Characterizing Deep Learning Package Supply Chains in PyPI: Domains, Clusters, and Disengagement
Kai Gao, Runzhi He, Bing Xie, Minghui Zhou

TL;DR
This study analyzes PyPI's deep learning package supply chains, revealing their domain distributions, cluster structures, and reasons for package disengagement, providing insights into dependency management and maintenance practices.
Contribution
It offers a comprehensive characterization of DL package supply chains in PyPI, including domain coverage, cluster shapes, and disengagement reasons, based on large-scale metadata analysis.
Findings
Popular packages cover 34 domains across 8 categories.
Clusters mainly exhibit Arrow and Star shapes, with Tree and Forest being more complex.

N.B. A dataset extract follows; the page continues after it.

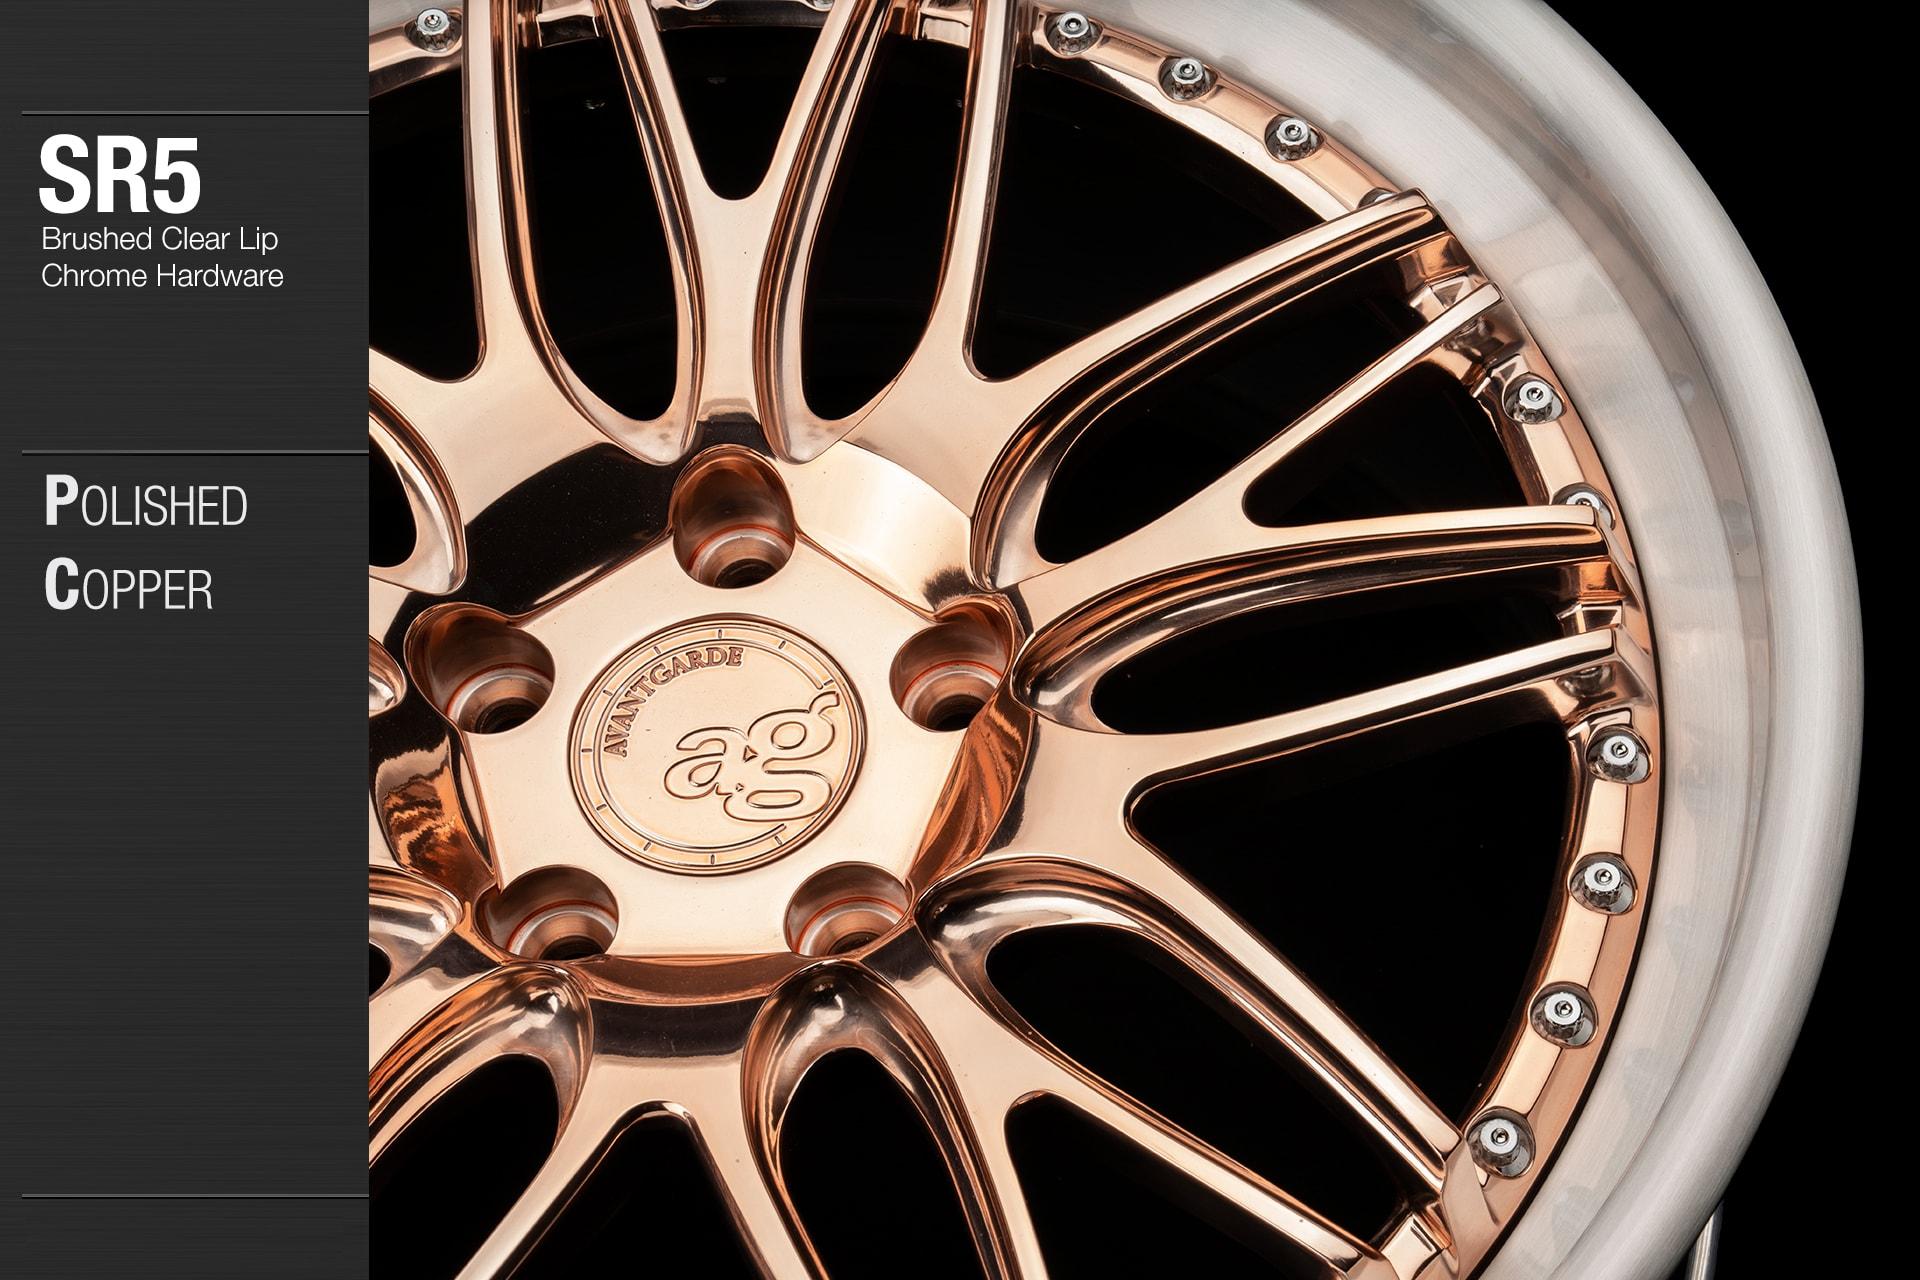 avant-garde-ag-wheels-sr5-polished-copper-face-brushed-clear-lip-chrome-hardware-2

Disengagement reasons include dependency issues, functional improvements, and installation ease.
Abstract
Deep learning (DL) package supply chains (SCs) are critical for DL frameworks to remain competitive. However, vital knowledge on the nature of DL package SCs is still lacking. In this paper, we explore the domains, clusters, and disengagement of packages in two representative PyPI DL package SCs to bridge this knowledge gap. We analyze the metadata of nearly six million PyPI package distributions and construct version-sensitive SCs for two popular DL frameworks: TensorFlow and PyTorch. We find that popular packages (measured by the number of monthly downloads) in the two SCs cover 34 domains belonging to eight categories. Applications, Infrastructure, and Sciences categories account for over 85% of popular packages in either SC and TensorFlow and PyTorch SC have developed specializations on Infrastructure and Applications packages respectively. We employ the Leiden community detection…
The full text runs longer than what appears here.